The annual barbeque was only days away when Miriam looked out of the kitchen window of the two-story Duluth duplex she and her husband Mark lived in and realized that their lawn furniture had been ruined by last year’s unusually severe Minnesota winter. Miriam flipped open her laptop and rushed to avert a seating crisis.
In minutes, she had settled on a lovely “Cabrillo Sand Dune 7-Piece Patio Dining Set” that she found on the e-commerce website of a major American retailer. It wasn’t until she had added the set to her cart that she noticed that, even for a hefty fee, the earliest delivery date was eight days away, and after the event. Miriam closed out her browser, an online retailer forwent hundreds of dollars in revenue – and no one had a place to sit at the barbeque.
From the supply-chain perspective, business-to-consumer (B2C) home-furnishing disasters such as this hypothetical one could be avoided with the adoption of the right technology, improved customer service, better communication and a responsive last-mile system – all value-added services perfected years ago by the global integrators, such as FedEx, UPS and DHL. Increasingly, however, the solution to Mark and Miriam’s crisis is coming not only from the traditional integrators but from online retail giants such as Alibaba, JD.com, Walmart.com, and – especially – Amazon, which is able to control the transaction from purchase to final delivery.

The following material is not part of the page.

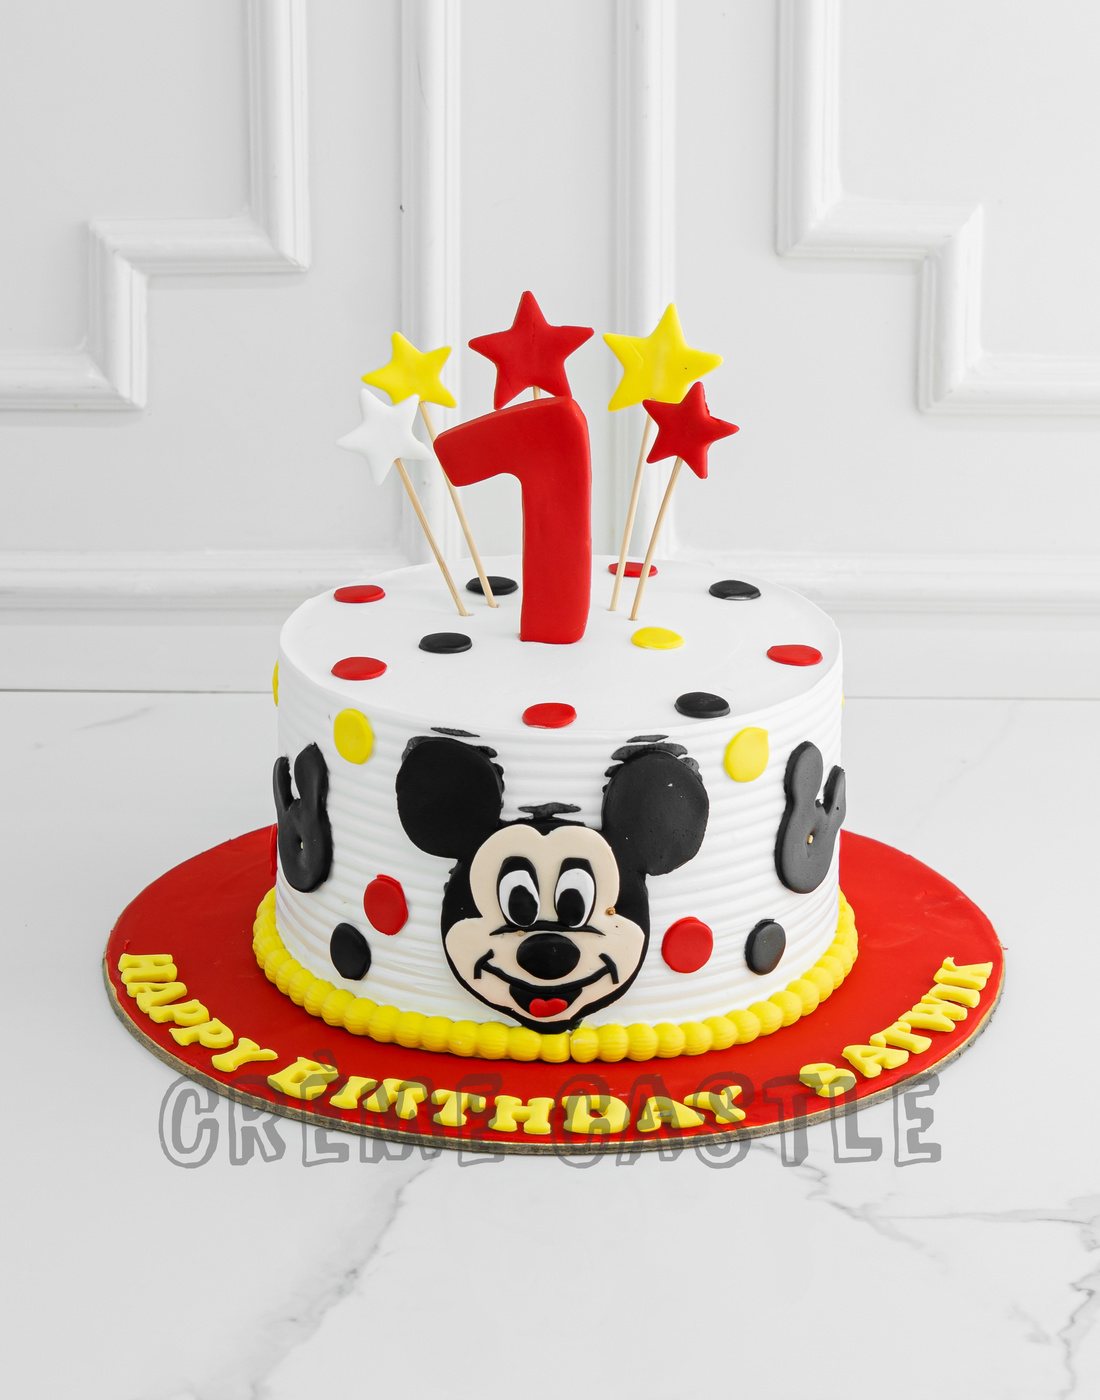 Watch Me Make A Minnie Mouse Cake! - YouTube

As e-commerce rises to become a significant form of global retail transaction, shippers’ expectations regarding the performance of forwarders and other third-party logistics firms (3PLs) have never been higher, for both B2C and B2B transactions. Shippers want transparency in the supply chain and retailers want consistency of deliveries, both of which Amazon has perfected over the years.
“I think the retail world vastly underestimates how far ahead Amazon truly is,” warned Steve Wilson of Tompkins International, a supply chain consulting and implementation firm. For Wilson and other industry observers, there is Amazon, and then there is everyone else. Whatever fighting chance these other businesses have lies in adopting the right technology and adapting to market realities, because Amazon is “a technology company that also does retail,” he said, “and everyone else is a retail company that does technology on the side.”
However, there are methods – some high-tech, some quaintly old-fashioned – for 3PLs to deploy to keep up with the last-mile advancements that are the hallmark of the Jeff Bezos empire. Time is running out, but it may still be possible for forward-thinking logistics firms to address last-mile problems earlier in the process and remain competitive.